[Collection entries]

══════════

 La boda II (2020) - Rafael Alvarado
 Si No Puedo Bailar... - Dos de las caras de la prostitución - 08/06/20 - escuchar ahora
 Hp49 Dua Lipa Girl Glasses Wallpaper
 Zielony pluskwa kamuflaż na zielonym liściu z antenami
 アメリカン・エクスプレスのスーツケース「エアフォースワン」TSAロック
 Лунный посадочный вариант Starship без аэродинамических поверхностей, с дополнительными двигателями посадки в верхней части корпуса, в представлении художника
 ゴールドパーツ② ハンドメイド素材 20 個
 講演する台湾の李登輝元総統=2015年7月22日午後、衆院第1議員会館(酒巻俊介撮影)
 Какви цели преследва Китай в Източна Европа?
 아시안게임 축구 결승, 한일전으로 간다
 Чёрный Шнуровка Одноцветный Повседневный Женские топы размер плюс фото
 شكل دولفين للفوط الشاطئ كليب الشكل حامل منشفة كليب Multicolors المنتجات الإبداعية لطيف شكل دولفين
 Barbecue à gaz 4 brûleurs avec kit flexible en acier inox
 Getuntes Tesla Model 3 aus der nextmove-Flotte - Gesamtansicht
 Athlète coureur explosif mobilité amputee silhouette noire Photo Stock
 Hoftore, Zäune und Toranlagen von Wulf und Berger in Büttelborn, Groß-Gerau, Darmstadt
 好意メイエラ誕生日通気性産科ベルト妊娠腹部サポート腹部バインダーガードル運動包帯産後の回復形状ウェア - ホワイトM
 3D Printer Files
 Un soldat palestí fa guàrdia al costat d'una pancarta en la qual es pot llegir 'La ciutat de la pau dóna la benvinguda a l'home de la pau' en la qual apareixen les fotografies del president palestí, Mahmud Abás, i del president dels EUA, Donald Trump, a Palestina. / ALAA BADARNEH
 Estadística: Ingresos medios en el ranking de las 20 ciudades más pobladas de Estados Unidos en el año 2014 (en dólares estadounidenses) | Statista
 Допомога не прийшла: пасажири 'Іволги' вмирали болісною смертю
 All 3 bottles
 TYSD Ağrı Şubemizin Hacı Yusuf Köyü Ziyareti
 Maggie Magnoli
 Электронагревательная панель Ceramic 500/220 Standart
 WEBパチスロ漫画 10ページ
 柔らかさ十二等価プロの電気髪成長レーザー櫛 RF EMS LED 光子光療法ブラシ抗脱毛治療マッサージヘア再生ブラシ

══════════

> [TASK DIRECTIONS]:
When you reach the line with "Zielony pluskwa kamuflaż" in the records above, start writing out lines exactly, and stop once the line with "講演する台湾の李登輝元総統=2015年7" has been written; include nothing else.

> [SOLUTION TO THE PROBLEM]:
 Zielony pluskwa kamuflaż na zielonym liściu z antenami
 アメリカン・エクスプレスのスーツケース「エアフォースワン」TSAロック
 Лунный посадочный вариант Starship без аэродинамических поверхностей, с дополнительными двигателями посадки в верхней части корпуса, в представлении художника
 ゴールドパーツ② ハンドメイド素材 20 個
 講演する台湾の李登輝元総統=2015年7月22日午後、衆院第1議員会館(酒巻俊介撮影)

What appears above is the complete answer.